* _Extracted records_
'''
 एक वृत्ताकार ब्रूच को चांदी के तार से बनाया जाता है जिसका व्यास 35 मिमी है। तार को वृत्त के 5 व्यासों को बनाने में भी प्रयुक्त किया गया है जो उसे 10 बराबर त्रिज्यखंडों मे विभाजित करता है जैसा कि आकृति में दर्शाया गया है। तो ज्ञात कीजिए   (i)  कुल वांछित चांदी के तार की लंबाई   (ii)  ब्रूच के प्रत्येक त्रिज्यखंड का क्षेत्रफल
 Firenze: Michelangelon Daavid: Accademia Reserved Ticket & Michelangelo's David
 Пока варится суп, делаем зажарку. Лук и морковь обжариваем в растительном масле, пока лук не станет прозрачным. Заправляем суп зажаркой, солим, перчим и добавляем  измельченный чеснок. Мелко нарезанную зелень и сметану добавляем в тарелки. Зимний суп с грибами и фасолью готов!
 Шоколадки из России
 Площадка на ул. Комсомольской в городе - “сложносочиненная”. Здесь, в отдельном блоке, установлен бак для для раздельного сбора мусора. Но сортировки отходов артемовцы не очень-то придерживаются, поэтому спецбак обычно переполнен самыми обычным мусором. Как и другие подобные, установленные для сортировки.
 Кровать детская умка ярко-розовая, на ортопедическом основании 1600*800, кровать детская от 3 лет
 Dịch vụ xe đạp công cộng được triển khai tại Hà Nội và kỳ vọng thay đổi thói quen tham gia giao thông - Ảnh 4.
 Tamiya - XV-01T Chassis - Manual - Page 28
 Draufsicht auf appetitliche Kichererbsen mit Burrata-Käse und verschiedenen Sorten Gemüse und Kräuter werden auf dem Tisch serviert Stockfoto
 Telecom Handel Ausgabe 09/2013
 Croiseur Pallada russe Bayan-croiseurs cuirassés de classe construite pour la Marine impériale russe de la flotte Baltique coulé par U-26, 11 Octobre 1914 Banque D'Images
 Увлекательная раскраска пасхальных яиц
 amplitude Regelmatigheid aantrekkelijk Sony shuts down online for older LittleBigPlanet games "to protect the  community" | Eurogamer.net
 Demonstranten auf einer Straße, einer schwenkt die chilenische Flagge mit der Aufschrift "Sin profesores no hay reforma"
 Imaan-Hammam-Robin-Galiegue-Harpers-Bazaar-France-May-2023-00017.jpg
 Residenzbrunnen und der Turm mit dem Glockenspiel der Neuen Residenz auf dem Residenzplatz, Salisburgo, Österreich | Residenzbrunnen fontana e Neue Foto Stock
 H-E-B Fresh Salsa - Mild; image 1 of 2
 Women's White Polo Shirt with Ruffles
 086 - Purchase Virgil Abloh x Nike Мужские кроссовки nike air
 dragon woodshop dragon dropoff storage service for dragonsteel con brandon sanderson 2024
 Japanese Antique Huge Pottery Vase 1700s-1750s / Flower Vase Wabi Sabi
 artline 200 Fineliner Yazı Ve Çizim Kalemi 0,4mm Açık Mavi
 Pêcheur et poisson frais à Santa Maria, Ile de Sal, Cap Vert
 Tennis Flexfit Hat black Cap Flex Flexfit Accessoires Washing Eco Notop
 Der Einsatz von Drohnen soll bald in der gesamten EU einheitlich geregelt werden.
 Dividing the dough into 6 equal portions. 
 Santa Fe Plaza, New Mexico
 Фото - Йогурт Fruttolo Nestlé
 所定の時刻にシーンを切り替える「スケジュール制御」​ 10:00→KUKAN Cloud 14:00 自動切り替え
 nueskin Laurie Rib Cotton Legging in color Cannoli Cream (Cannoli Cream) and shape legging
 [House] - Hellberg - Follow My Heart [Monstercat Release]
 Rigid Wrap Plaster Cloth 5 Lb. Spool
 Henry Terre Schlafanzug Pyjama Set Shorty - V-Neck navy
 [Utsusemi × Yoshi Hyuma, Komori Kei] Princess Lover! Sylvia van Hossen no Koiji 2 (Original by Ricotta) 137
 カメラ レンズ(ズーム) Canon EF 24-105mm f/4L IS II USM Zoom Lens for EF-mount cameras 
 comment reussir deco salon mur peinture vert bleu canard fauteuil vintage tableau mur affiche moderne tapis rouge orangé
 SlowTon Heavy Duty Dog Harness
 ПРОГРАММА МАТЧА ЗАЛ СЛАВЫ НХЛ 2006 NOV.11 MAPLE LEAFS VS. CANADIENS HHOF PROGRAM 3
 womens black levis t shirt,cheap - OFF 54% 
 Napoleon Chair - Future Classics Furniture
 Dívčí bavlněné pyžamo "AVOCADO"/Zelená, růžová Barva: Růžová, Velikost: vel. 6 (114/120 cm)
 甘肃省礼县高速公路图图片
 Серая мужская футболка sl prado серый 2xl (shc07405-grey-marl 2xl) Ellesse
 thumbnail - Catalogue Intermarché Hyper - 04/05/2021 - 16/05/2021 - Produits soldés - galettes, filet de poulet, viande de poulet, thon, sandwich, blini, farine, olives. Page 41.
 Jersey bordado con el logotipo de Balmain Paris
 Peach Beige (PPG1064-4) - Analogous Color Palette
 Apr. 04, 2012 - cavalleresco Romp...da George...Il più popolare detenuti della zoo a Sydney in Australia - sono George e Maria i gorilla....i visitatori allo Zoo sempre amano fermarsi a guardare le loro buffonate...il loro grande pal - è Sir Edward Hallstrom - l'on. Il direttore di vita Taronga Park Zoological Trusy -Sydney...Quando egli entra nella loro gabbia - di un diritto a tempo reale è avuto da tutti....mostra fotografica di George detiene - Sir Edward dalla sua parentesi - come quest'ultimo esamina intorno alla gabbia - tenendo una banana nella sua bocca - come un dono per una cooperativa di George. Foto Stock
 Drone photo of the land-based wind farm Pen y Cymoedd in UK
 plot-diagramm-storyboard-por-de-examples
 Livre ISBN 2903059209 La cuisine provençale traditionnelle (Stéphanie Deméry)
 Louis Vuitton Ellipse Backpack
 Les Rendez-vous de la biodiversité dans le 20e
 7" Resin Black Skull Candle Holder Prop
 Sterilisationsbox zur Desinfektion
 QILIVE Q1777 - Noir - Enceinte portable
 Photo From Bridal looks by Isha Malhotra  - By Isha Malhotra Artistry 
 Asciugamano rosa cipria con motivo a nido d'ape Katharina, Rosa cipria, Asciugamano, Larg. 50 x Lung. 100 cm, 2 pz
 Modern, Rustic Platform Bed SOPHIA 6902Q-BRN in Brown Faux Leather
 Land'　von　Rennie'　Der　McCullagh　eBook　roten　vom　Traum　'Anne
'''
* _Work to be completed_
Return only the part of the records above that opens with the line containing "Napoleon Chair - Future Classics Furniture" and closes with the line containing "Livre ISBN 2903059209", ends included.

* _Output of the task_
 Napoleon Chair - Future Classics Furniture
 Dívčí bavlněné pyžamo "AVOCADO"/Zelená, růžová Barva: Růžová, Velikost: vel. 6 (114/120 cm)
 甘肃省礼县高速公路图图片
 Серая мужская футболка sl prado серый 2xl (shc07405-grey-marl 2xl) Ellesse
 thumbnail - Catalogue Intermarché Hyper - 04/05/2021 - 16/05/2021 - Produits soldés - galettes, filet de poulet, viande de poulet, thon, sandwich, blini, farine, olives. Page 41.
 Jersey bordado con el logotipo de Balmain Paris
 Peach Beige (PPG1064-4) - Analogous Color Palette
 Apr. 04, 2012 - cavalleresco Romp...da George...Il più popolare detenuti della zoo a Sydney in Australia - sono George e Maria i gorilla....i visitatori allo Zoo sempre amano fermarsi a guardare le loro buffonate...il loro grande pal - è Sir Edward Hallstrom - l'on. Il direttore di vita Taronga Park Zoological Trusy -Sydney...Quando egli entra nella loro gabbia - di un diritto a tempo reale è avuto da tutti....mostra fotografica di George detiene - Sir Edward dalla sua parentesi - come quest'ultimo esamina intorno alla gabbia - tenendo una banana nella sua bocca - come un dono per una cooperativa di George. Foto Stock
 Drone photo of the land-based wind farm Pen y Cymoedd in UK
 plot-diagramm-storyboard-por-de-examples
 Livre ISBN 2903059209 La cuisine provençale traditionnelle (Stéphanie Deméry)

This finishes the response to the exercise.